Reproduce the entries below exactly, but only from the line containing "Ivory Coast 2013" to the line containing "GE Monogram owner", inclusive.

[[ Data provided open ]]

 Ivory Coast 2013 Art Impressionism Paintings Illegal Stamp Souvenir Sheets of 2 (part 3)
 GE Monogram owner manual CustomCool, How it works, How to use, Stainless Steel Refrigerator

[[ Data provided closed ]]
[[ Data provided open ]]

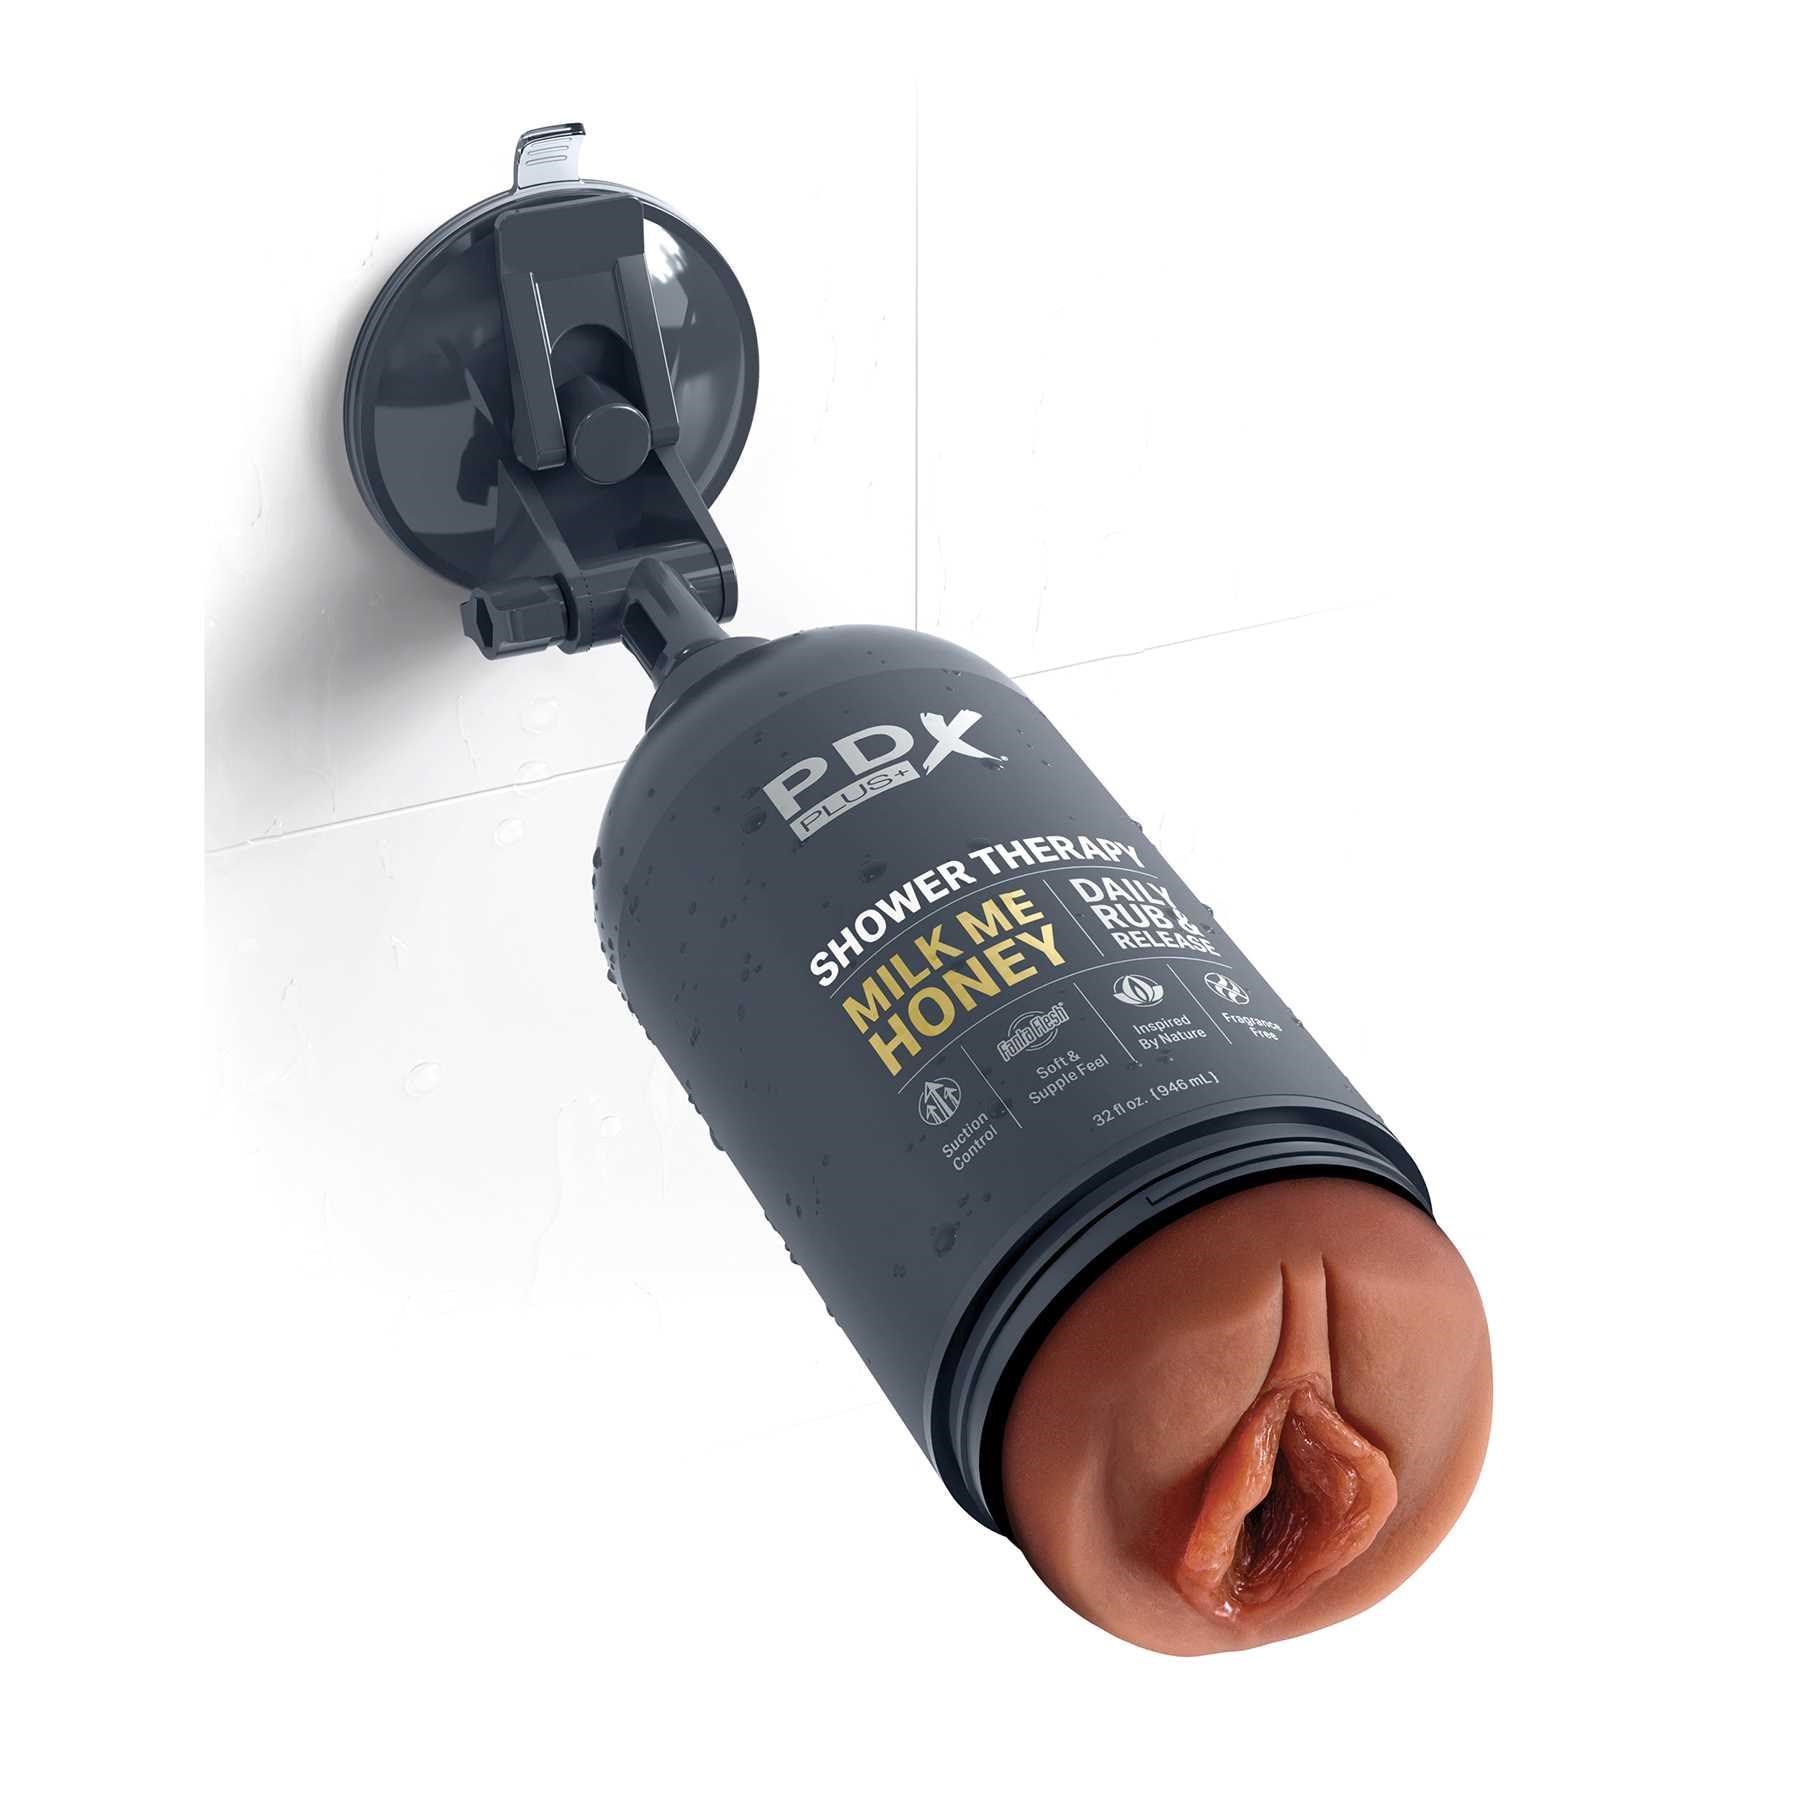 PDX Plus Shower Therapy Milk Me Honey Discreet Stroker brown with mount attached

[[ Data provided closed ]]

=== Exercise result ===
 Ivory Coast 2013 Art Impressionism Paintings Illegal Stamp Souvenir Sheets of 2 (part 3)
 GE Monogram owner manual CustomCool, How it works, How to use, Stainless Steel Refrigerator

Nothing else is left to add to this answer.